View full text Add to dashboard Cite

Ternary organic solar cells (T‐OSCs) represent an efficient strategy for enhancing the performance of OSCs. Presently, the majority of high‐performance T‐OSCs incorporates well‐established Y‐acceptors or donor polymers as the third component. In this study, a novel class of conjugated small molecules has been introduced as the third component, demonstrating exceptional photovoltaic performance in T‐OSCs. This innovative molecule comprises ethylenedioxythiophene (EDOT) bridge and 3‐ethylrhodanine as the end group, with the EDOT unit facilitating the creation of multiple conformation locks.
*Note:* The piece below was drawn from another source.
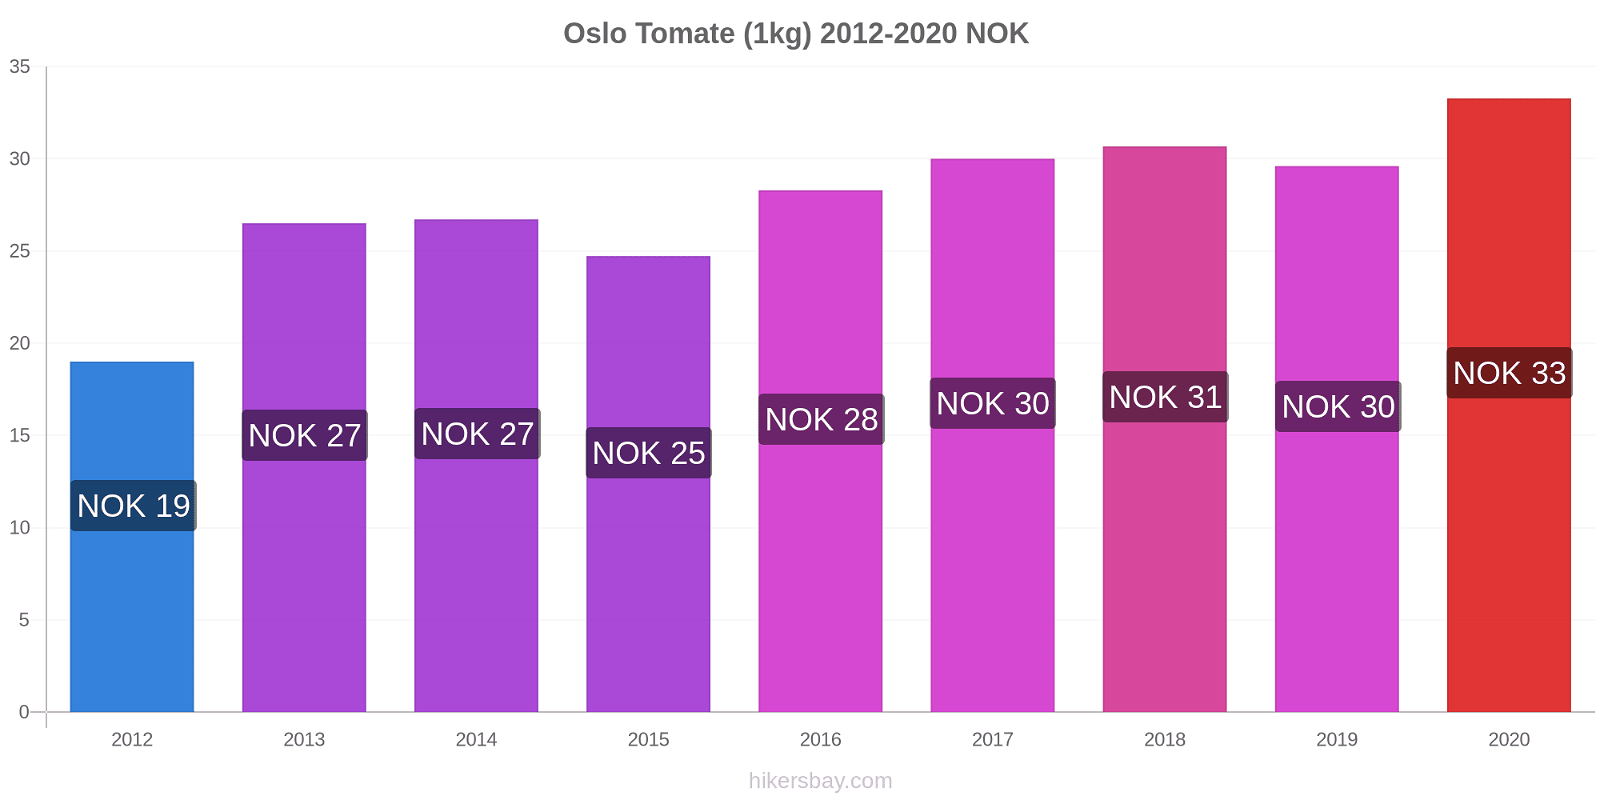 Oslo cambios de precios Tomate (1kg) hikersbay.com
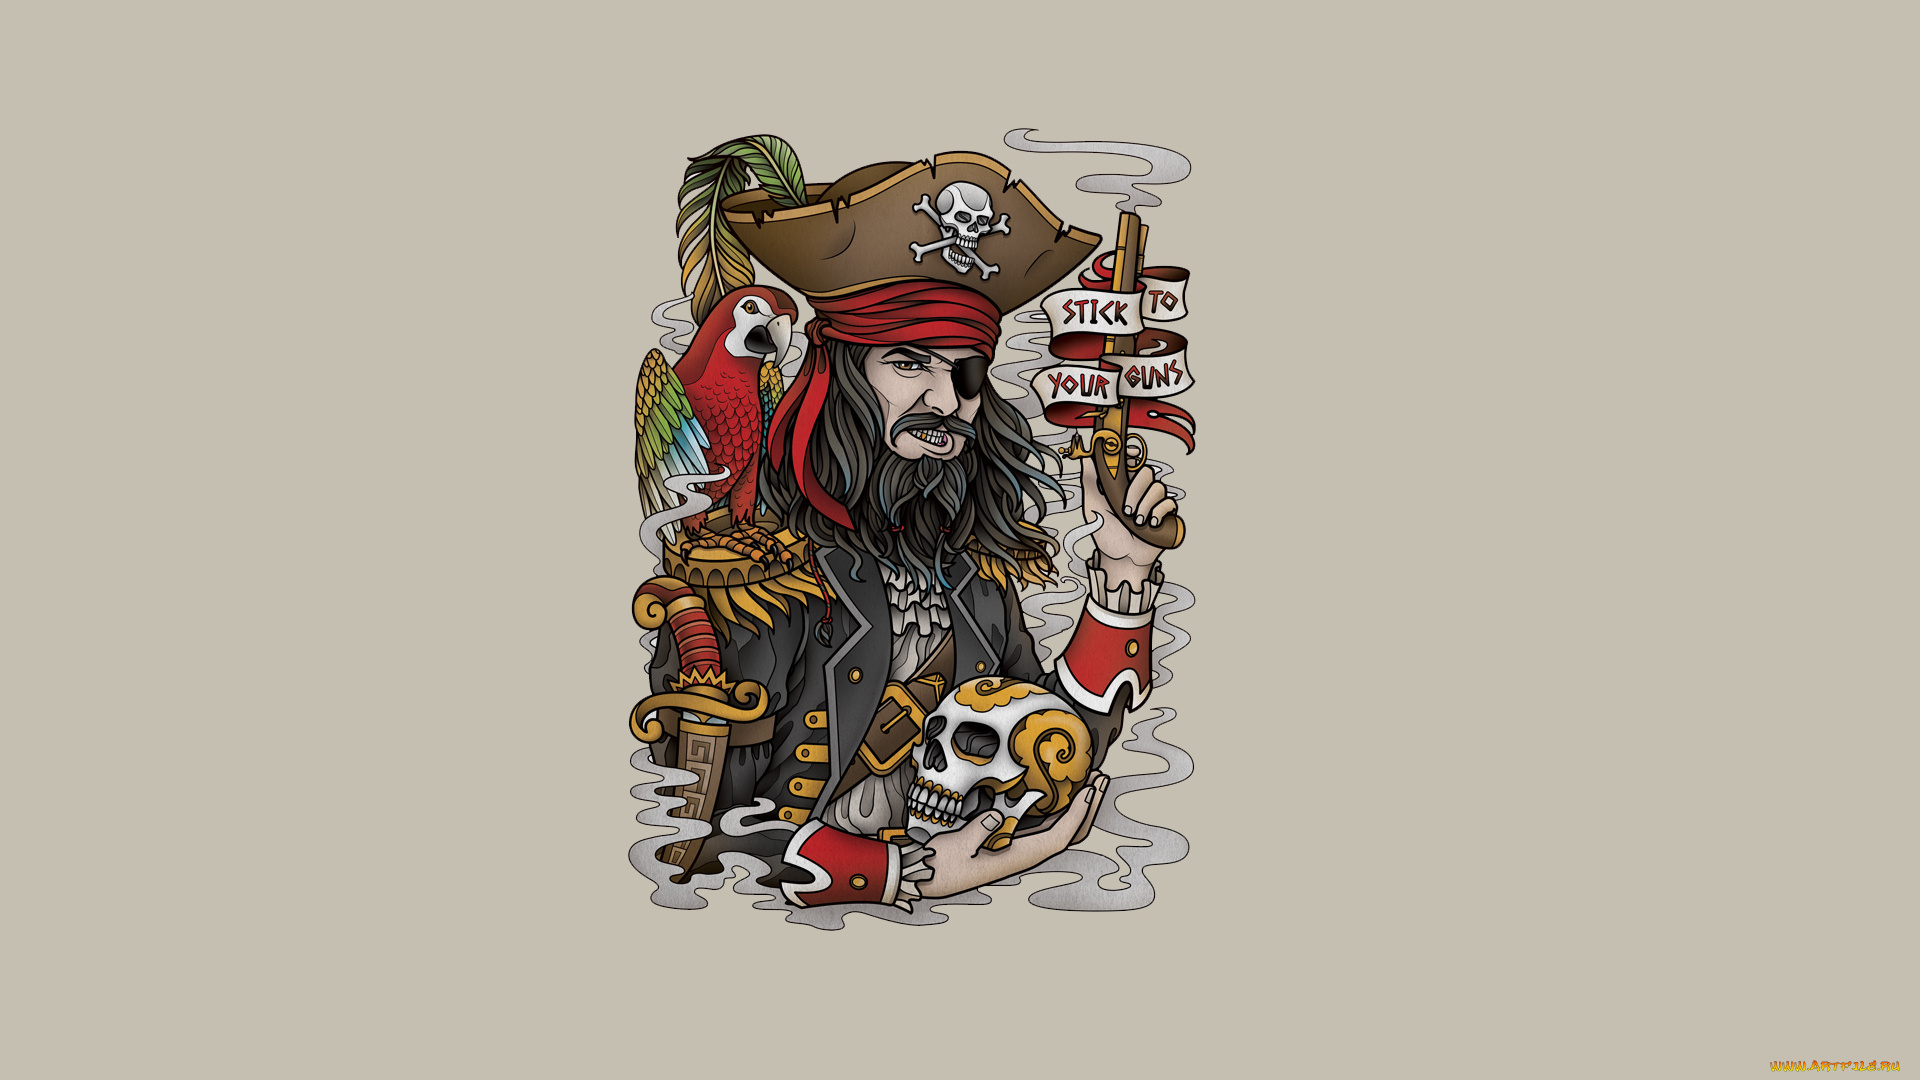 рисованное, минимализм, птица, попугай, pirate, оружие, борода, перья, скелет, голова, надпись, череп, пират

Consequently, the EDOT‐based molecule exhibits two‐dimensional charge transport, distinguishing it from the thiophene‐bridged small molecule, which displays fewer conformation locks and provides one‐dimensional charge transport. Furthermore, the robust electron‐donating nature of EDOT imparts the small molecule with cascade energy levels relative to the electron donor and acceptor. As a result, OSCs incorporating the EDOT‐based small molecule as the third component demonstrate enhanced mobilities, yielding a remarkable efficiency of 19.3%, surpassing the efficiency of 18.7% observed for OSCs incorporating thiophene‐based small molecule as the third component. The investigations in this study underscore the excellence of EDOT as a building block for constructing conjugated materials with multiple conformation locks and high charge carrier mobilities, thereby contributing to elevated photovoltaic performance in OSCs.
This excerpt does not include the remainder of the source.